Available occurrence points for each habitat were split between ‘training’ and ‘test’ sets, the latter accounting for approximately a third of occurrences. The test set for each habitat model was geographically independent (Supplementary Figure S3) so as to avoid spatial autocorrelation between the test and training sets (which would occur if test points were selected randomly by Maxent). Test areas were selected so as to encompass, as much as possible, a variety of environmental conditions. The test set was not used for model development, but kept aside and fed separately to Maxent so as to assess model performance across the region.

Of the several feature types available in Maxent, hinge features were used so as to obtain smoother models and to help prevent overfitting to the training data57. In addition, Maxent's ‘regularisation multiplier’58 was tuned to 2.5 (the default value being 1), so as to reduce overfitting further and control model complexity.
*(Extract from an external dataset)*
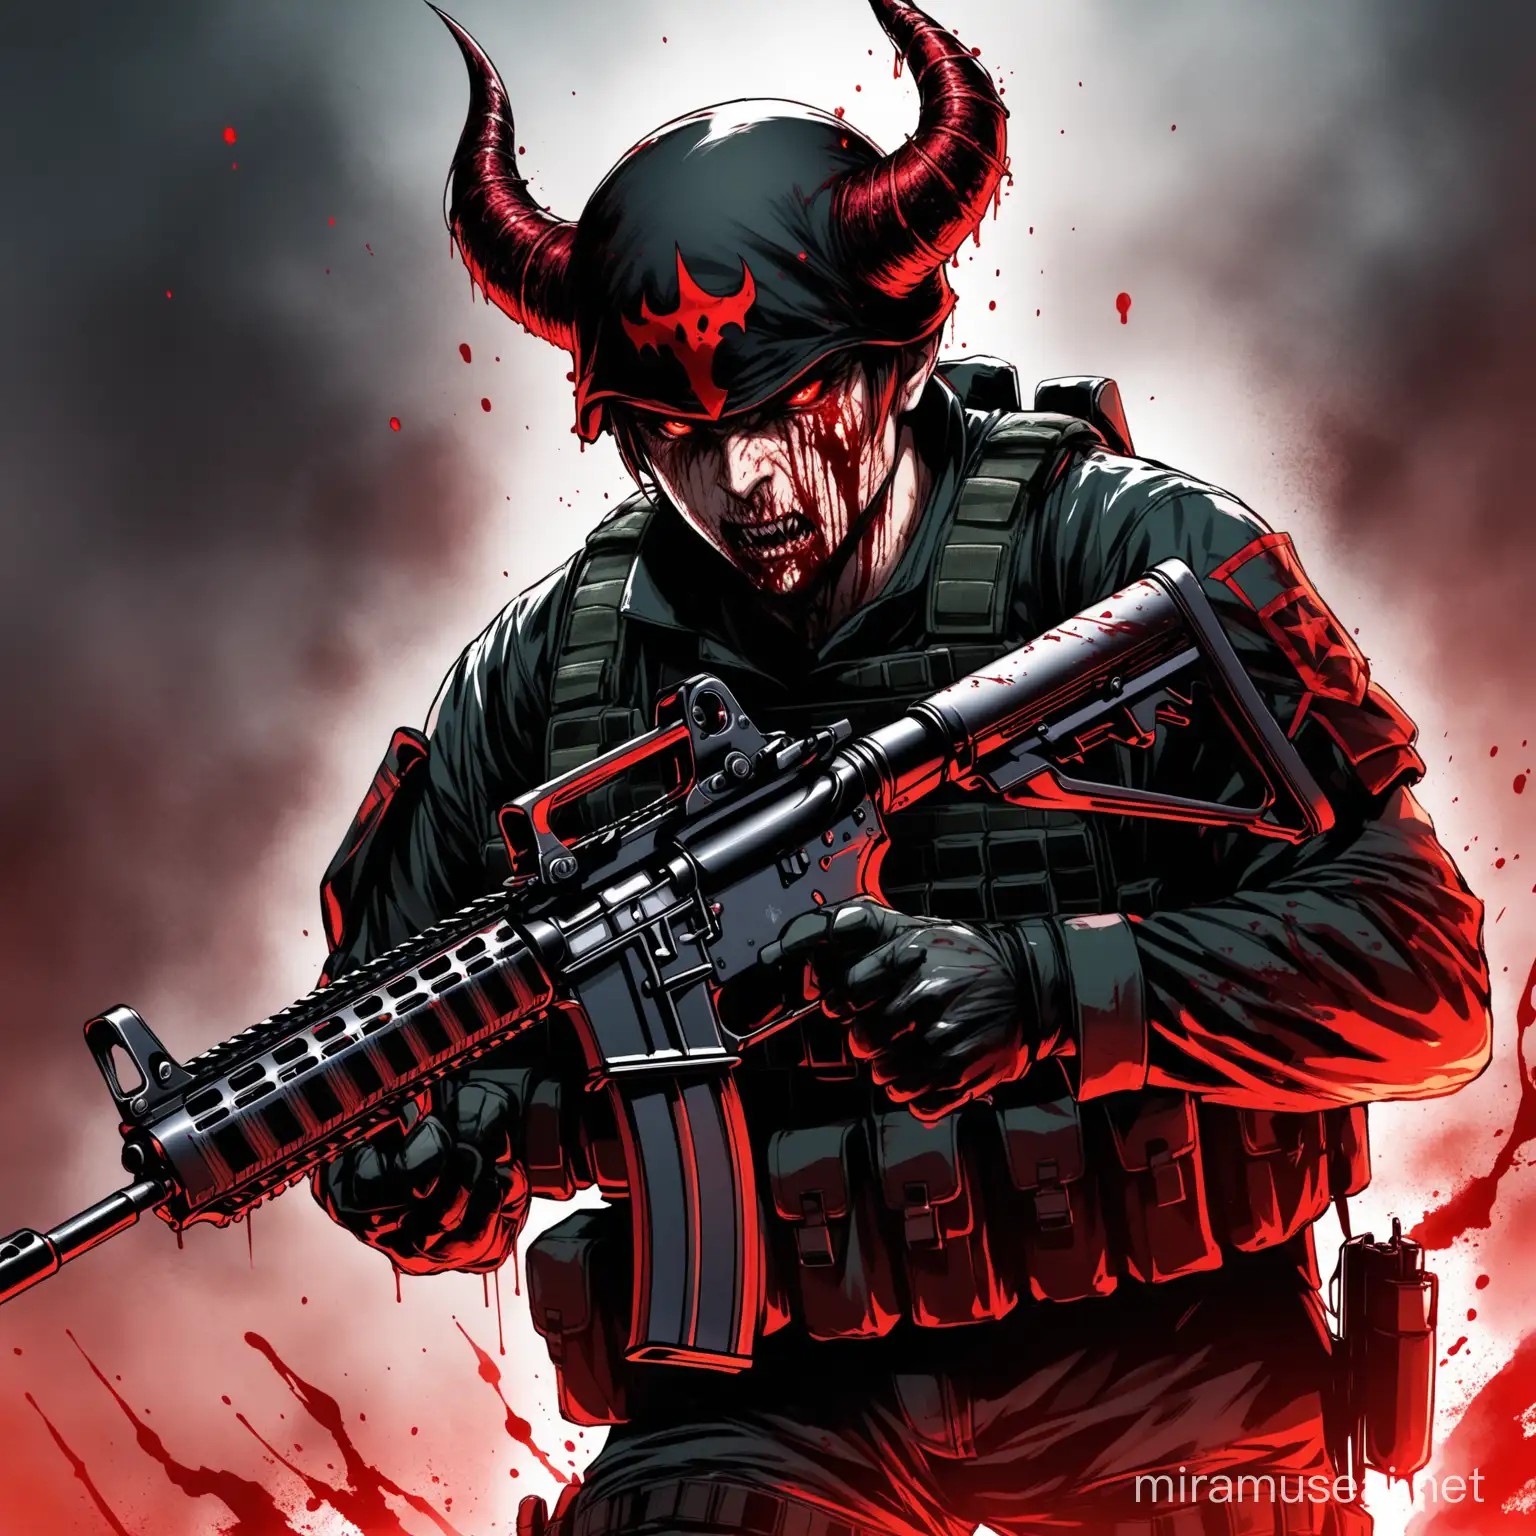 Soldier, Demon horns, blood, red eyes, holding assault rifle 
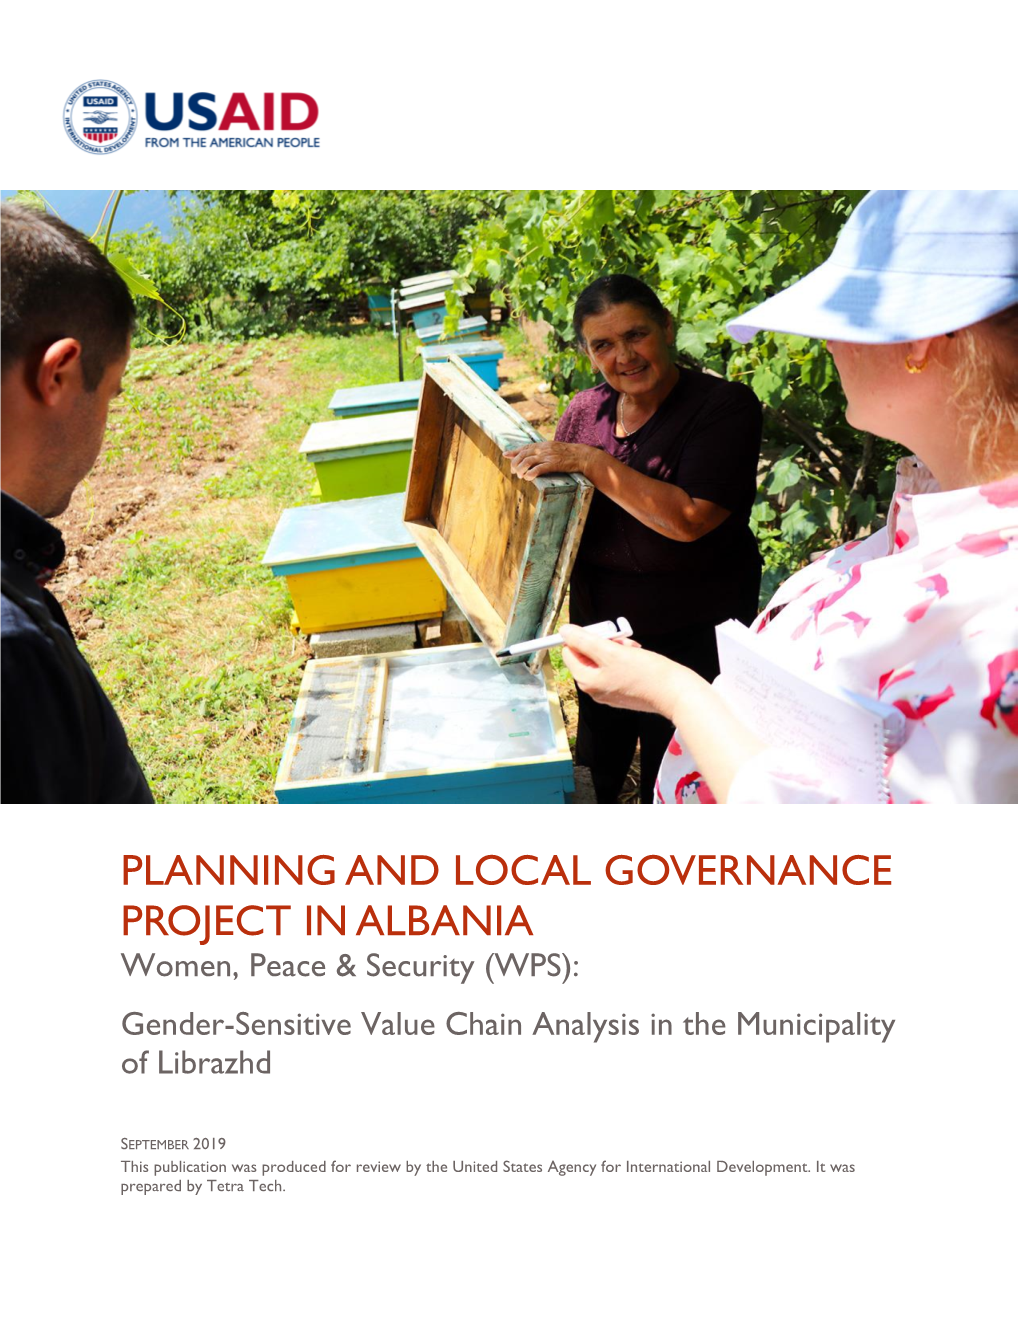 PLANNING and LOCAL GOVERNANCE PROJECT in ALBANIA Women, Peace & Security (WPS): Gender-Sensitive Value Chain Analysis in the Municipality of Librazhd

So as to reduce the effect of the geographic sampling bias in the occurrence datasets for coralligenous and maerl habitats, ‘target group background’59 was used. Areas of the Mediterranean were attributed a relative value of sampling effort, based on expert knowledge (Supplementary Figure S4). This information was fed to Maxent in raster (ASCII) format.

Based on estimated relative contributions to the model by the 12 predictor variables, the ones contributing the least to the model were removed (i.e. usually if they contributed less than 5% and based on expert judgement) and the final model was re-run without them. The importance of each retained predictor variable was then measured through a jackknife (also called ‘leave-one-out’) test of variable importance, by training with each predictor variable first omitted and then used in isolation. The model output was spatialised in the form of raster showing the logistic probability (ranging from 0 to 1) of occurrence for the habitat considered.

The Receiver Operating Characteristic (ROC) curve39 was used to investigate the trade off between prediction sensitivity and specificity. The associated Area Under the Curve (AUC) is 0.5 in the case of random prediction and higher values (to a maximum of 1) correspond to better performing models.